Size and Location Advantages

Andy Yenser, rescue products manager for KME Fire Apparatus, says that for the past few years interest in rear-mount pumpers has been fairly steady, with interest picking up noticeably in the volunteer fire service. “Many of the departments who operate on highways want their pump operator out of traffic, so they put the controls at the rear on the passenger side of the apparatus,” Yenser says. “While we’re able to put the controls on the driver’s side, passenger side, or at the rear, the most popular location still is on the driver’s side, probably because that’s the traditional spot.”

In terms of visibility, though, Yenser says controls at the rear of the pumper are ideal. “The pump operator is only two steps away from seeing both sides of the vehicle,” he observes.

Yenser thinks the popularity of rear-mount pumpers is more a function of fire departments having their roles expanded with existing apparatus—not only putting out fires but having vehicle extrication and other types of rescue become more of their typical responsibility.

Additionally, he says most departments are asking for mid-sized pumps on their rear-mounts. “The 1,500-gallon-per-minute (gpm) pump is the most popular pump requested,” he notes, “although we also get requests for either higher- or lower-volume pumps.” Water tanks on the rigs vary from 500 to 1,000 gallons, depending on the department’s needs. But if the department is putting Class A foam on the rear-mount, Yenser points out, the vehicle usually will have a 1,000-gallon water tank.

Donley Frederickson, national sales manager for Rosenbauer, says his company has been building “tons of rear-mount pumpers, from our Timberwolf models to rear-mounts in 1,250- to 2,000-gpm versions.”
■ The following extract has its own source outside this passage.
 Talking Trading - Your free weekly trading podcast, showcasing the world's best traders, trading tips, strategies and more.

Frederickson says most departments tell him the advantage of a rear-mount is the increased compartment and storage space and the option of having the pump controls on the left, on the right, or at the rear of the vehicle. “A rear-mount pump balances the vehicle nicely,” he observes. “And we can improve the vehicle’s handling and maneuverability because, with a rear-mount, we can make the wheelbase shorter.”
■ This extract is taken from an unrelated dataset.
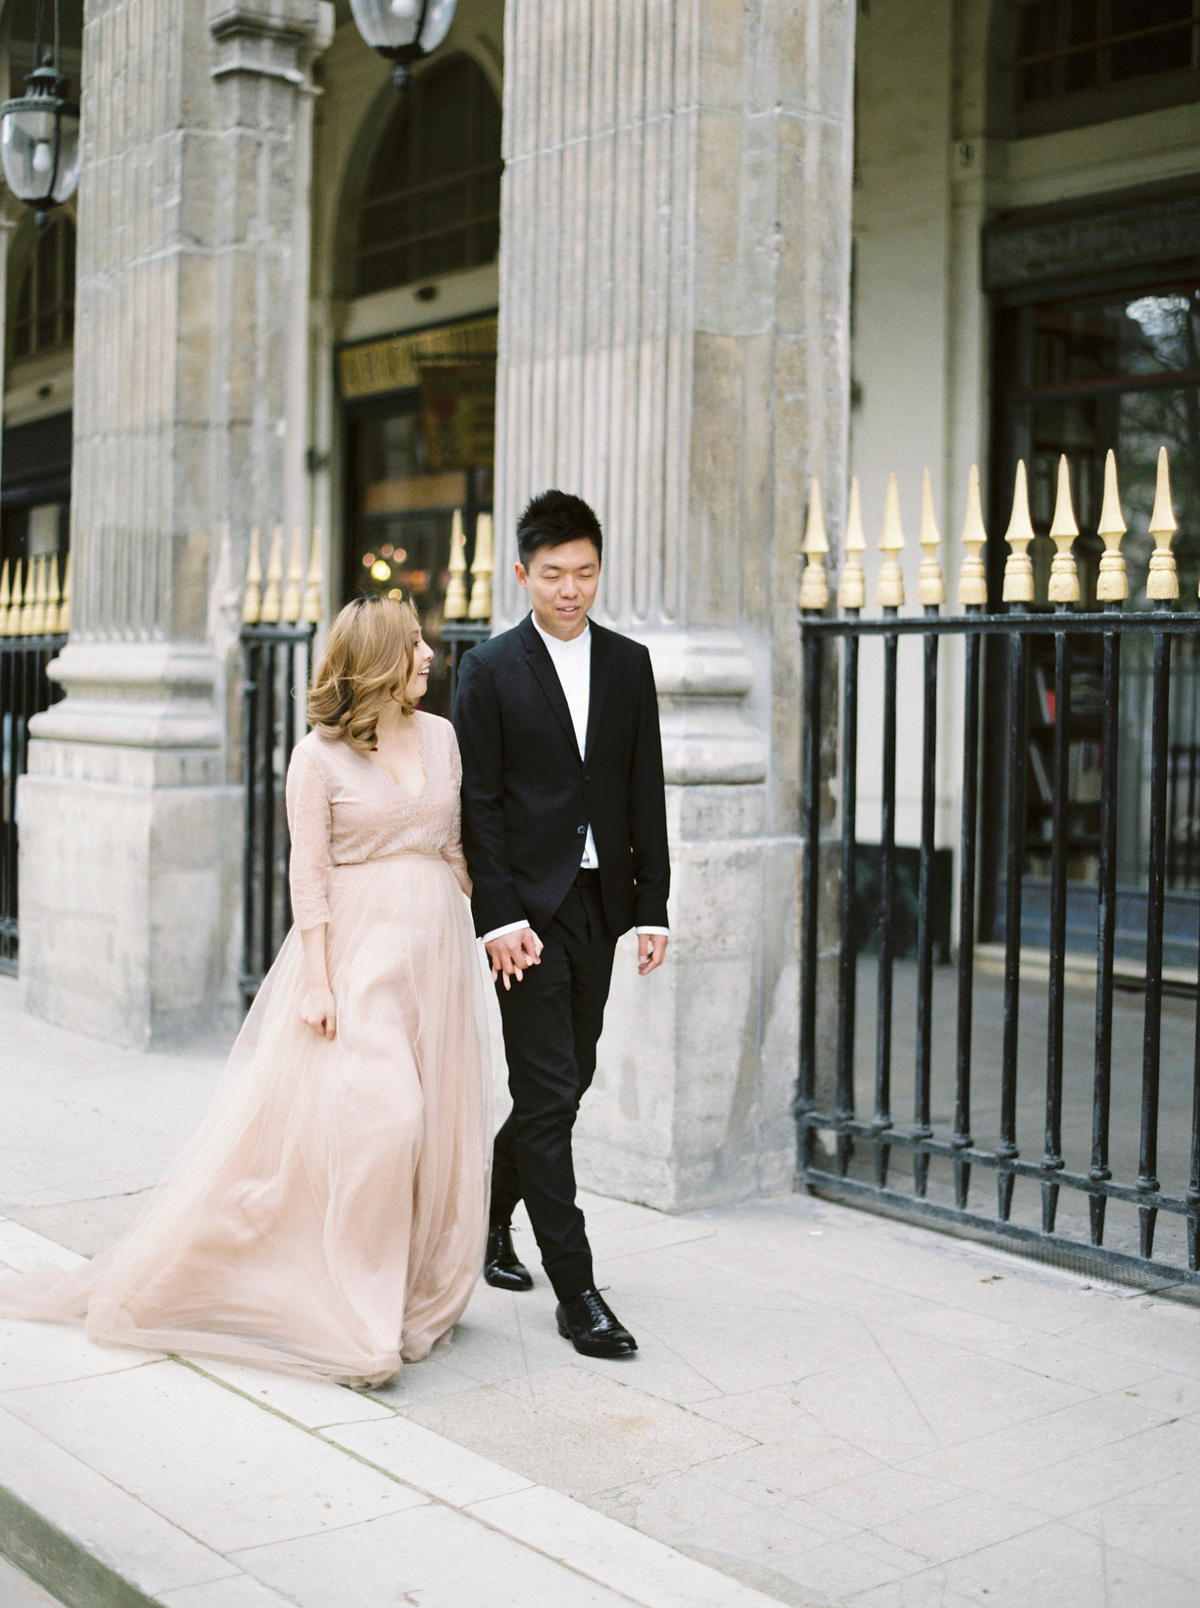 An engagement shoot in Paris. Photography by Zosia Zacharia.

Frederickson thinks the plumbing for a rear-mount pumper also is more efficient than for a midmount pump. “With a rear-mount, the intake to the impeller is straight in, which makes the pump more efficient,” he says. “You don’t have to go through any 90-degree turns in the plumbing.”

Wildland Applications

Rick Penner, customer service manager for Fort Garry Fire Trucks, says his firm has built a number of multipurpose wildland and urban interface rear-mount pumpers, recently delivering a half dozen to various customers who regularly take the vehicles down rugged roads and occasionally off-road. “We use 5083 saltwater marine-grade aluminum for our body that’s strong and has high corrosion resistance,” Penner says. “We’ve always had a full frame design for our body and it’s an integral part of the rear-mount pumpers we build that live off the road and go cross country.”
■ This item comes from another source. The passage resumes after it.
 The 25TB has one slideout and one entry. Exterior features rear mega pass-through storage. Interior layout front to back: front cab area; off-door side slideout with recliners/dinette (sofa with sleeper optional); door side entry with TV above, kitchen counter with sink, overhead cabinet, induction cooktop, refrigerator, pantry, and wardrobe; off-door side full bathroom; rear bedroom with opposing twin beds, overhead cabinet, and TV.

Penner says Fort Garry’s typical rear-mount design takes a 1,250-gpm W.S. Darley & Co. pump and marries it with two gearboxes, one for the standard pump and the other for the PSRH 100-gpm high-pressure pump. “It has all the capabilities of a regular fire pump, along with a high-pressure pump, which seems to have caught on of late,” Penner points out. “There’s a definite advantage to high-pressure in terms of what it does to the water stream.” He also notes that Fort Garry also is beginning to offer custom rear-mount pumpers using Waterous pumps without the high-pressure option.

The Outlook

Regarding the overall health of the rear-mount pumper market, Yenser of KME offers a positive assessment. “Sales of rear-mounts are growing, so I think it’s a trend that’s coming back around again,” he says. “The rescue side of combination pumpers has high popularity right now, which should help the rear-mount pumper market grow even more.”

ALAN M. PETRILLO is a Tucson, Arizona-based freelance writer and is a member of the Fire Apparatus & Emergency Equipment editorial advisory board. He served 22 years with the Verdoy (NY) Fire Department, including in the position of chief.